Study Design
Experimental study design
Experimental (interventional) are considered to provide the most reliable evidence in epidemiological research. Intervention studies can generally be considered as either preventative or therapeutic.
Therapeutic trials:
Are conducted among individuals with a particular disease to assess the effectiveness of an agent or procedure to diminish symptoms, prevent recurrence, or reduce mortality from the disease.
Preventative trials:
Are conducted to evaluate whether an agent or procedure reduces the risk of developing a particular disease among individuals free from that disease at the beginning of the trial, for example, vaccine trials. Preventative trials may be conducted among individuals or among entire communities.
A distinguishing characteristic of an intervention study is that the intervention (the preventative or therapeutic measure) being tested is allocated by the investigator to a group of two or more study subjects (individuals, households, communities).
Subjects are followed prospectively to compare the intervention vs. the control (standard treatment, no treatment or placebo).
The main intervention study design is the randomized controlled trial (RCT).
The randomized controlled trial is considered as the most rigorous method of determining whether a cause-effect relationship exists between an intervention and outcome. The strength of the RCT lies in the process of randomization that is unique to this type of epidemiological study design.

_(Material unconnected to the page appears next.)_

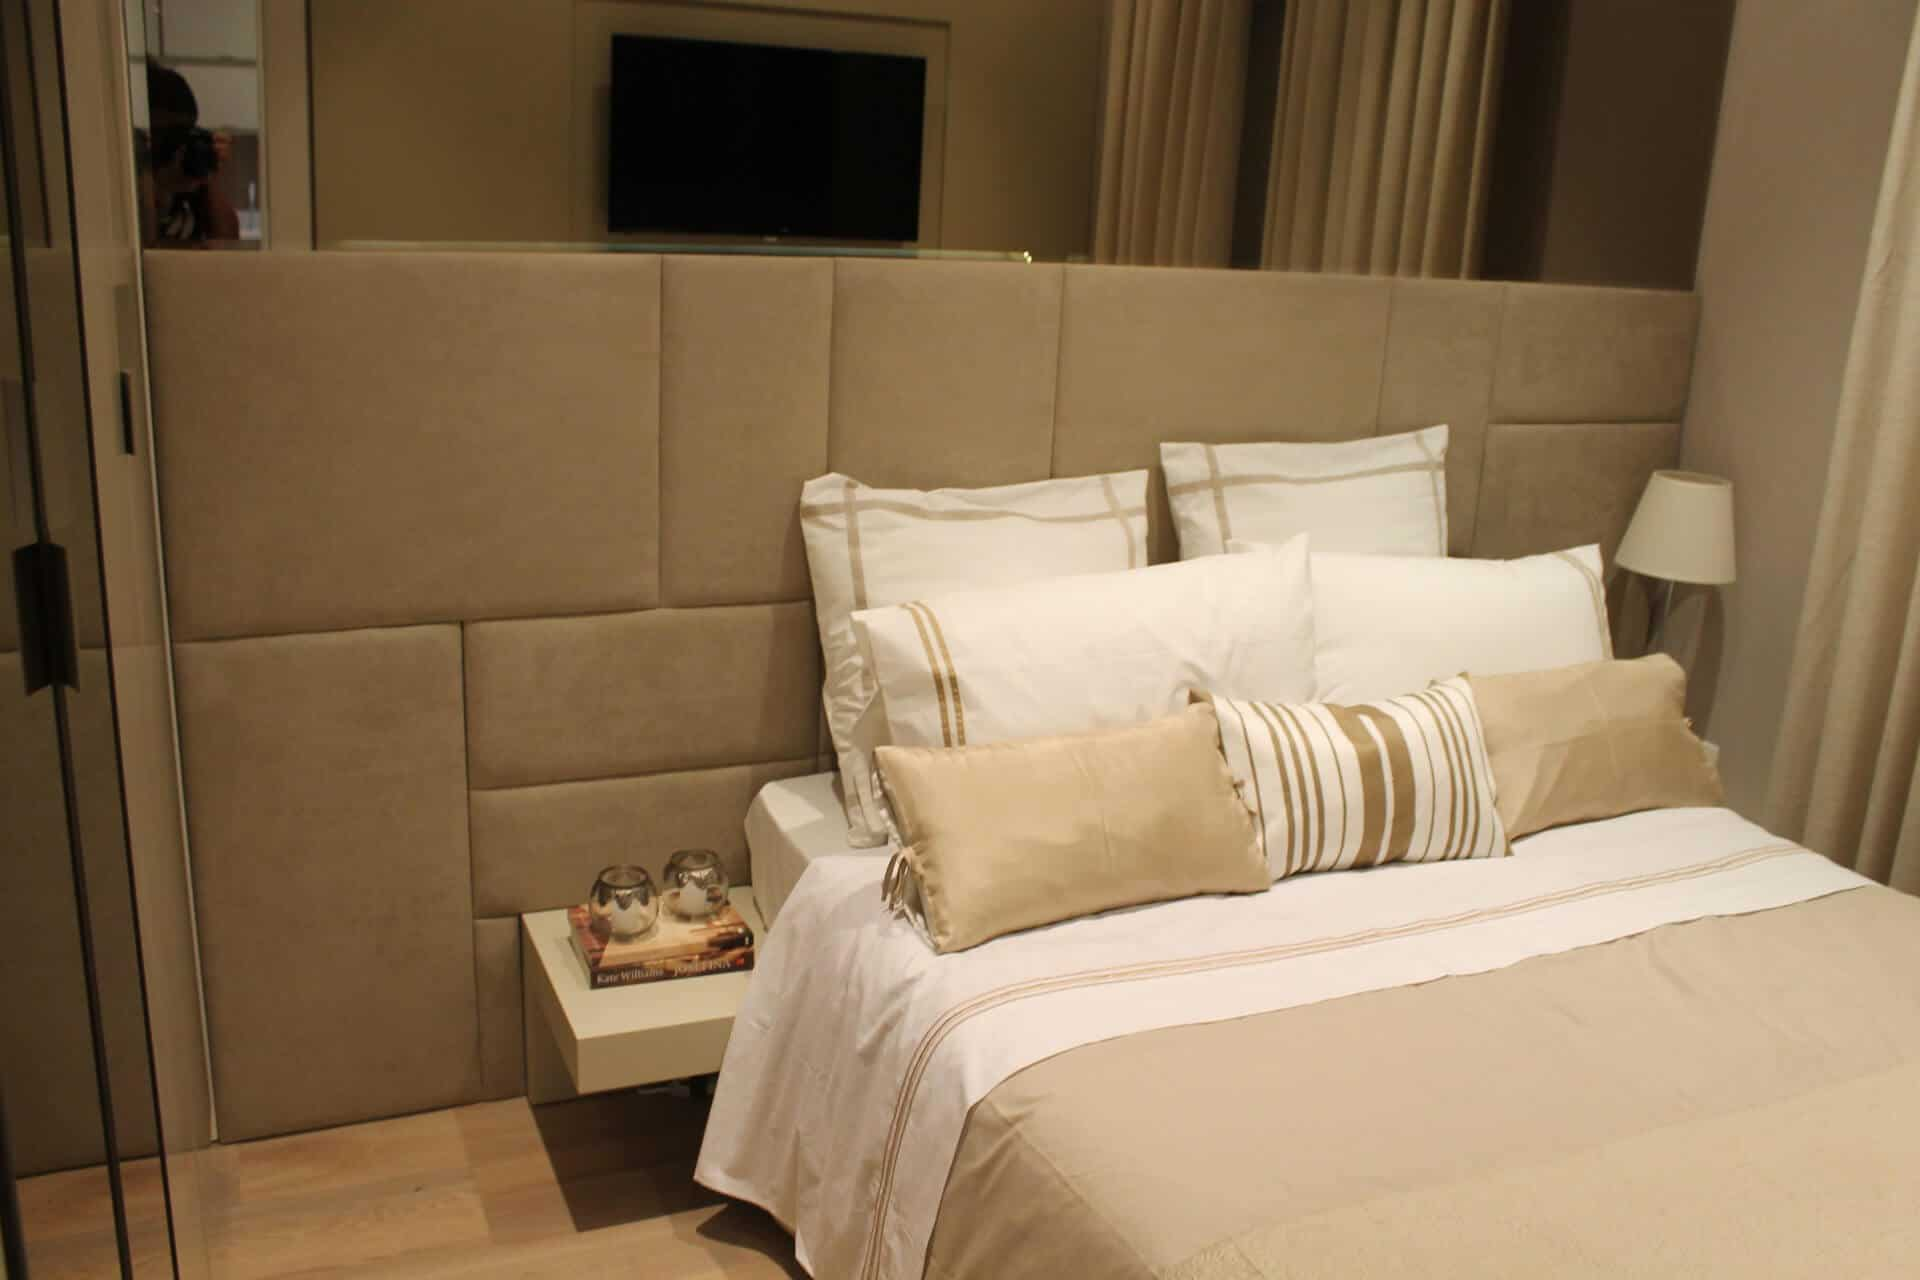 dormitorio-planejado_moveis-sob-medida-galeria-42

The aim of randomization is to ensure that any observed differences between the treatment groups are due to differences in the treatment alone and not because of confounding (known or unknown) or bias. That is, that the groups are similar in all respects apart from the intervention under investigation.
How an experimental study be conducted:
A sample of patients with the condition, and who meet other selection criteria, is randomly allocated to receive either the experimental treatment, or the control treatment.
Occasionally, a placebo will be used in the control group, but where there is already an accepted treatment, it is unlikely to be ethical to use a placebo.
The experimental and control groups are then followed for a set time, and relevant measurements are taken to indicate the results (or 'outcomes') in each group.
Methods of randomization:
Simple randomization: For example, computer generated random number tables. Simple randomization is rarely used.
Block randomization: is a method used to ensure that the numbers of participants assigned to each group is equally distributed and is commonly used in smaller trials.
Stratified randomization: used to ensure that important baseline variables (potential confounding factors) are more evenly distributed between groups than chance alone may assure. However, there are a limited number of baseline variables that can be balanced by stratification because of the potential for small numbers of subjects within each stratum.
Minimized randomization: This method may be used when the study is sufficiently small and simple randomization will not result in balanced groups.
Blinding in randomized controlled trials
Blinding is a process where the critical information on allocation of treatment is hidden either from the patients, or from observer or the evaluator in the study. The method of blinding in RCT is used to ensure that there are no differences in the way in which each group is assessed or managed, and therefore minimize bias. Bias may be introduced, for example, if the investigator is aware of which treatment a subject is receiving, as this may influence (intentionally or unintentionally) the way in which outcome data is measured or interpreted. Similarly, a subject's knowledge of treatment assignment may influence their response to a specific treatment. Blinding also involves ensuring that the intervention and standard or placebo treatment appears the same.
Double blinding is when neither the investigator nor the study participant is aware of treatment assignments. However, this design is not always possible.
A single blind RCT is when the investigator but not the study participants know which treatment has been allocated.
Triple blinding imposes blinding to the patients, investigators, and statisticians, who in turn might introduce bias to the results of the study based on their knowledge of the allocated agent. Blinding the statistician is the least important in the conduct of a clinical trial.
Strength and weakness in cohort studies:
Strength:
A well designed RCT provides the strongest evidence of any epidemiological study design that a given intervention has a postulated effectiveness and is safe.
Randomization provides a powerful tool for controlling for confounding, even by factors that may be unknown or difficult to measure. Therefore, if well designed and conducted, a RCT minimizes the possibility that any observed association is due to confounding.
Clear temporal sequence - exposure clearly precedes outcome.
Provides a strong basis for statistical inference.
Enables blinding and therefore minimizes bias.
Can measure disease incidence and multiple outcomes.
Weaknesses:
Expensive and time consuming.
Ethical constraints - for example, it is not always possible or ethical to manipulate exposure at random.
Requires complex design and analysis if unit of allocation is not the individual.
Inefficient for rare diseases or diseases with a delayed outcome.
Generalizability - subjects in a RCT may be more willing to comply with the treatment regimen and therefore may not be representative of all individuals who might be given the treatment.